Without even looking at the matter I can tell you that this is incorrect
because a bzipped tar file is simply a compressed stream of data - bzip2
doesn't have any understanding of the structure of a tar file so if it could
re-synch it couldn't do so to a granularity of one file in a tar file and
hence "lose only the actual file that the error affected".
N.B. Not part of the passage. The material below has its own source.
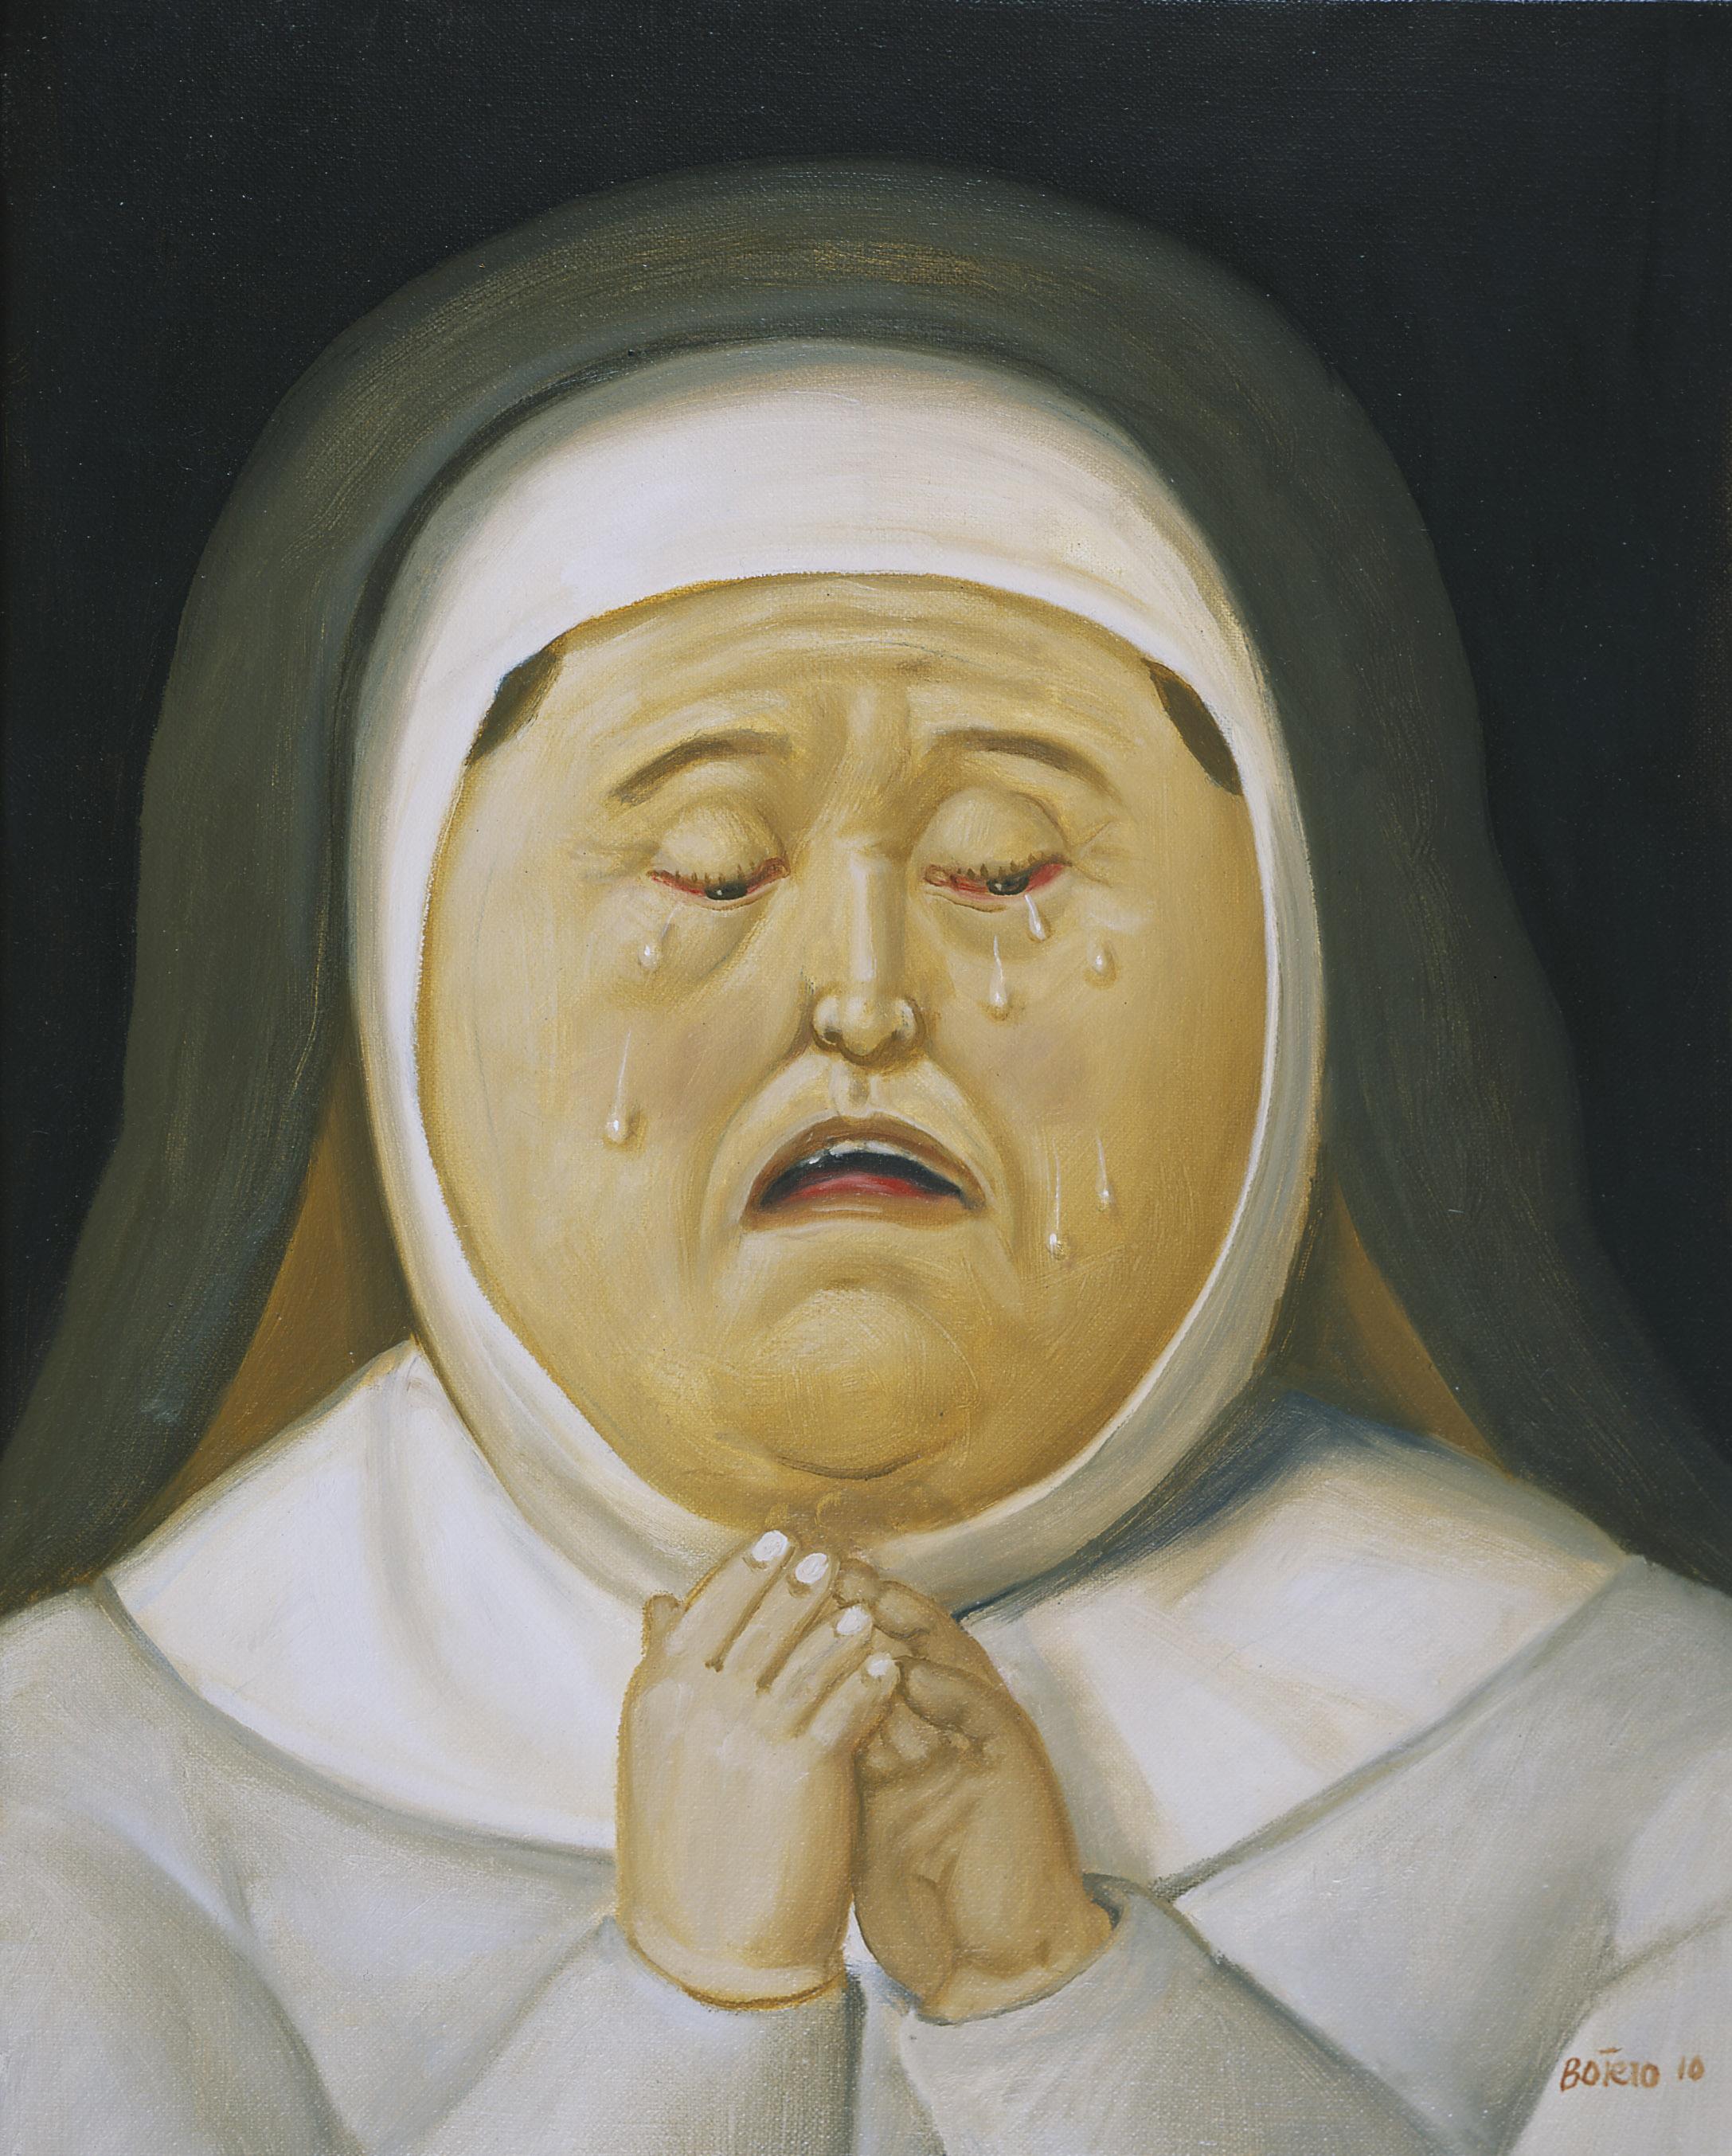 Madre de Cristo, 2010 Madre di Cristo Mother of Christ Olio su tela / Oil on canvas 45 x 36 cm Medellín, Museo de Antioquia

But enough talk - how about some action. I took a bzipped tar file and made a
random single bit change in it. Such a corrupted bzipped tar behaves just
like a corrupted gzipped tar file - ticks along fine until you hit the error
and then you get tar errors like:
tar: Skipping to next header
tar: Archive contains obsolescent base-64 headers
followed by bzip errors like:
bzip2: Data integrity error when decompressing.
Input file = (stdin), output file = (stdout)
bzip2 tells you that:
You can use the `bzip2recover' program to attempt to recover
data from undamaged sections of corrupted files.
so I did that - it produces a number of individual .bz2 files. Each of those
can be bunzipped (except for the one which contained the error - you get the
same error message, and the suggestion to use bzip2recover) and you can then
use cat to glue them back together and throw them through tar like:
cat rec00001file.tar rec00002file.tar . . . . recnnnnfile.tar | tar tf -
which has about the same effect as simply running tar tjf against the original
corrupt file - tar is happy until it reaches the missing corrupt section but
the gap is too much for it to bridge.
> Food for thought, since bz2 can recover a dropped bit or several...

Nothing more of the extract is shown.